EXODUS – Exhibit B: The Human Condition
 
Label: Nuclear Blast
Release: May 15 2010
By: Miguel
Rating: 8.5/10
Time: 74:14
Style: Thrash Metal
URL: Exodus
 

Two years down the road since reinventing their style, EXODUS bring us the continuation of the massive Exhibit A. Now loaded with almost twice as many songs, most of them epic, all aggressive to an excruciating degree, Exhibit B: The Human Condition proves a far angrier beast than its predecessor. But rather than go for the throat on its first second of music, a haunting acoustic driven intro sets the mood for the oncoming storm. Once the tenderness fades, blistering guitar harmonies signal the onset of the seven minute plus monster that runs along to the jagged pace of the Gary Holt-Lee Altus razor riff factory. The Ballad Of Leonard and Charles also showcases the new album’s direction - the heft is still there but gone is the complexity. Its follow up, the straightforward thrash ditty Beyond The Pale sticks to the same mold until mid tempo fare takes over for the glass-is-half-empty anthem Hammer And Life. It’s when EXODUS ease the brakes on this album that signal when critics and discriminating fans alike are gonna pounce. Hammer And Life cuts both ways, but what comes next - Class Dismissed (A Hate Primer) - is a certified EXODUS classic even when it meanders toward Boredville past is blistering twin guitar solo.

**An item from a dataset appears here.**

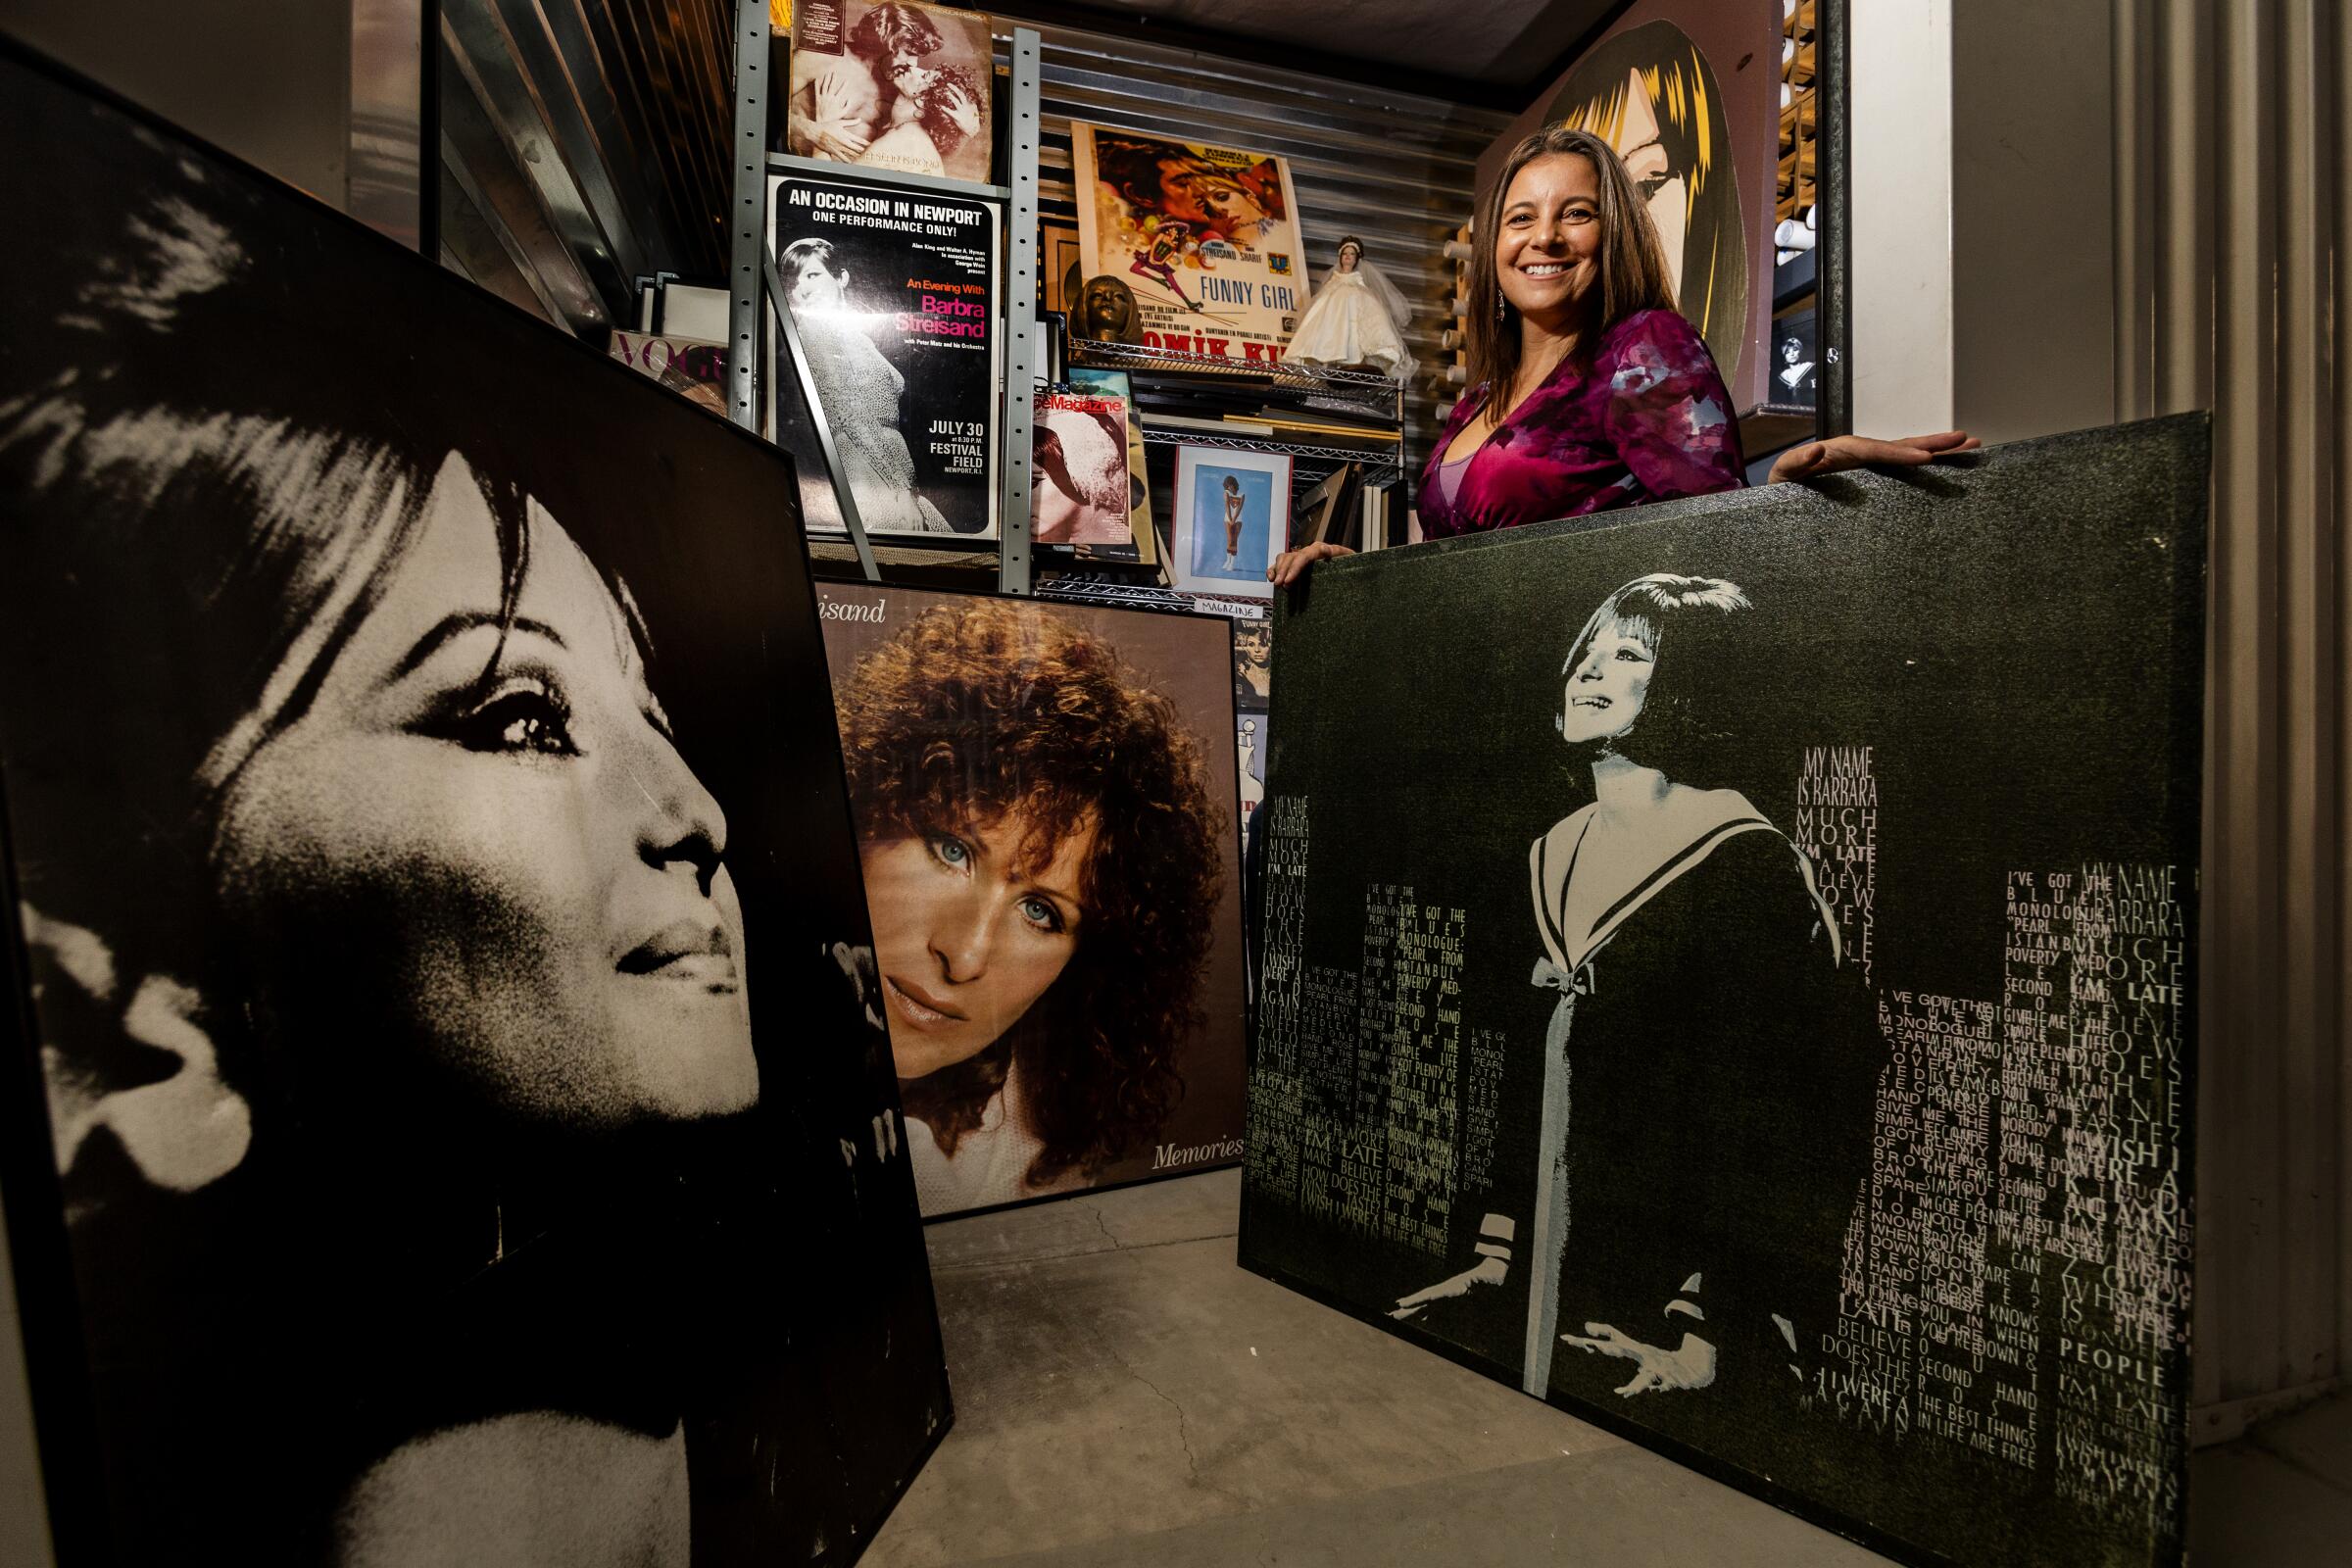 Mara Papalas stands amidst just some of the hundreds of Barbra Streisand memorabilia inside a storage container.
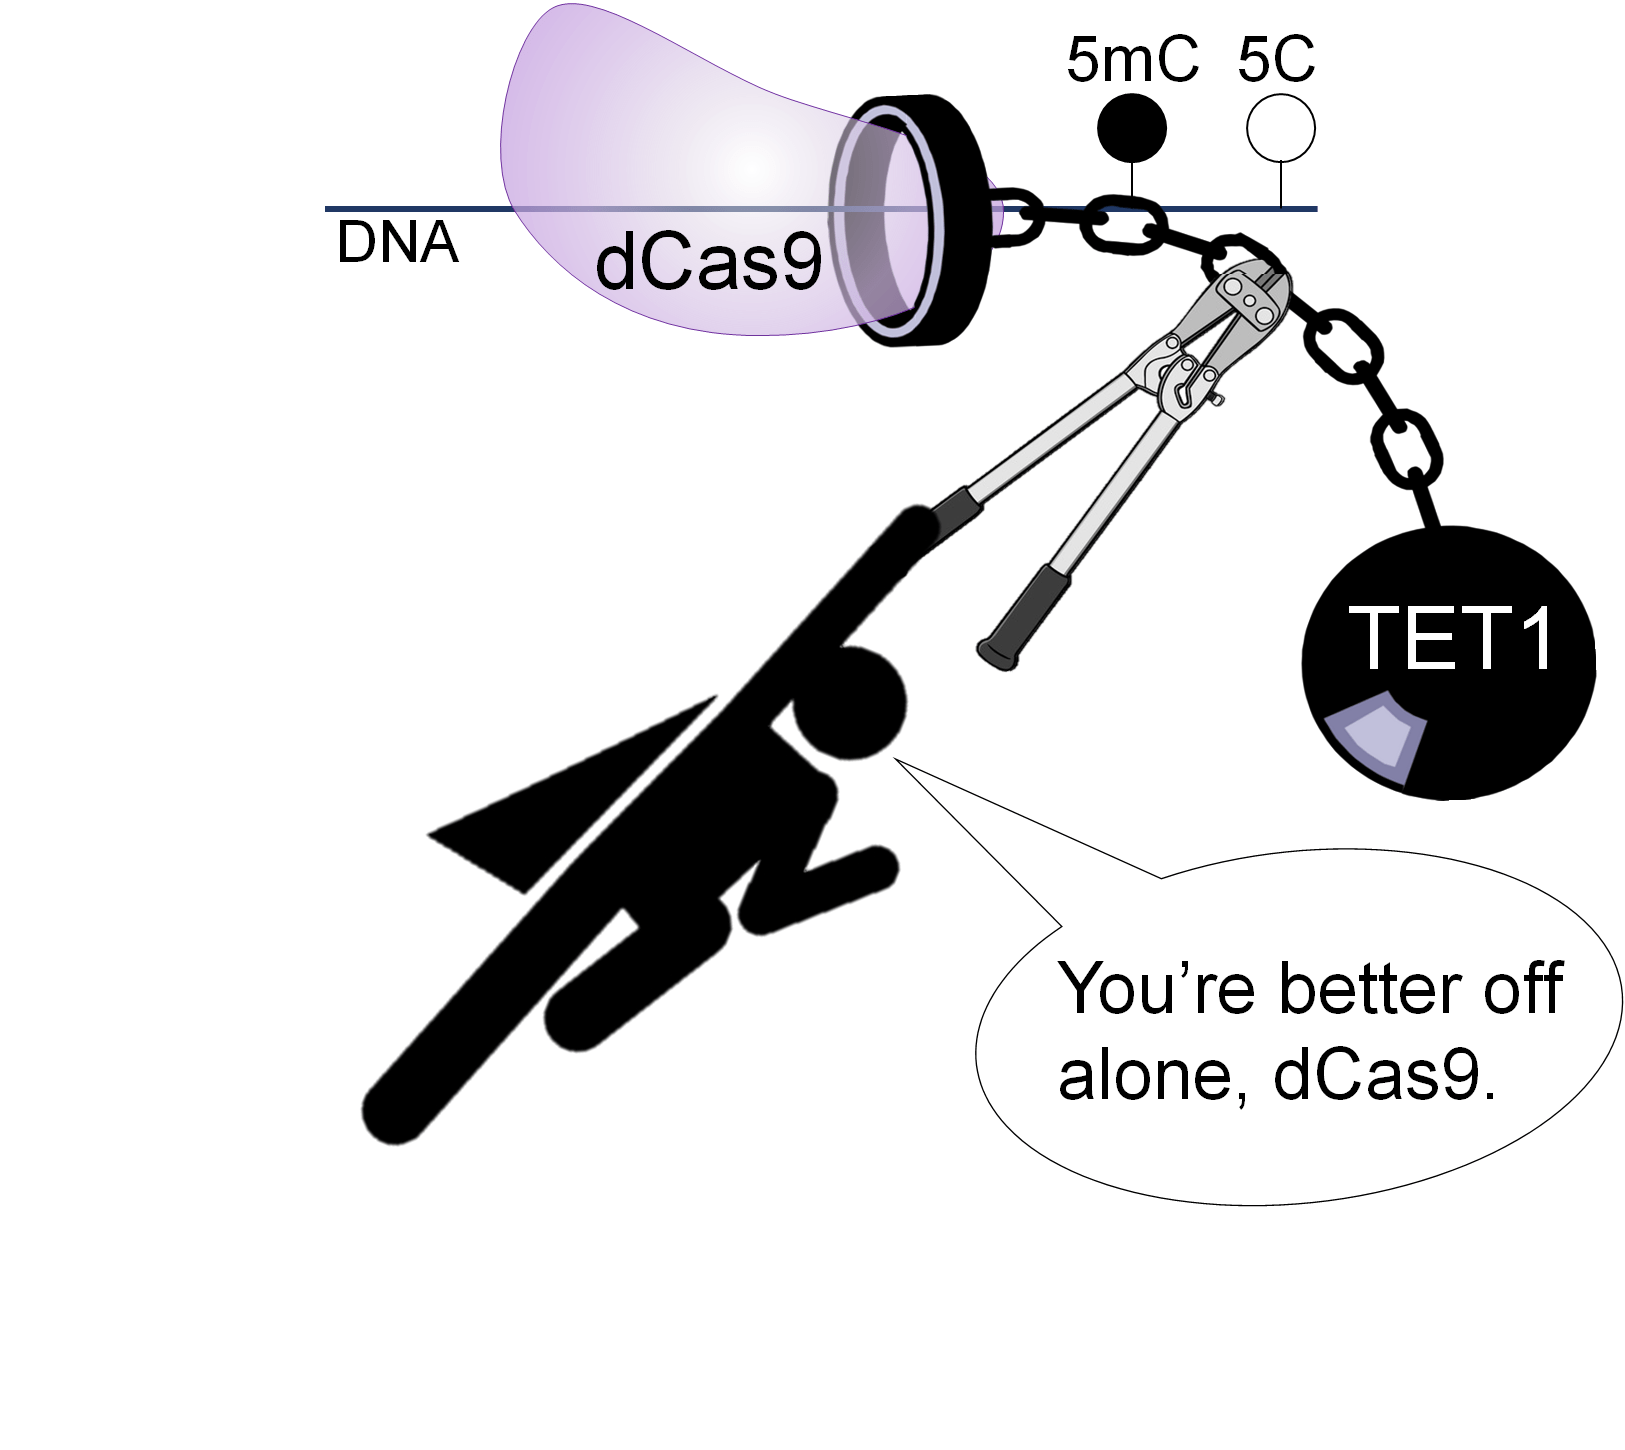 Cartoon depiction of a superhero cutting a chain tethering TET1 to dCas9

The production here as crisp as Andy Sneap - thrash metal’s producer of choice - can possibly make it, thus leaving EXODUS free reign to indulge their violent impulses through song. The torrent of face-melting tunes here is surprising and painful from the sheer intensity. March Of The Sycophants, the slow moving crunch of Nanking, the take no prisoners Burn, Hollywood, Burn (it preaches the destruction of Tinsel Town with righteous indignation), and the immense ode to the supernatural undead who lurk at night The Sun Is My Destroyer is far more extreme in content than a lot of bands today except for those in black metal who have an anti-Christian bent. Gary Holt likes to mention during interviews that he’s quite the black metal aficionado himself and its refreshing to hear so much darkness in EXODUS’ current repertoire. Forever gone is the youthful verve from the Fabulous Disaster and Impact Is Imminent era. Today’s EXODUS is an unforgiving thrash machine whose sole aim is to out-brutalize both peers and the younger set alike with remorseless precision. Lo and behold, despite their age, the fearsome fivesome achieve their aims on Exhibit B.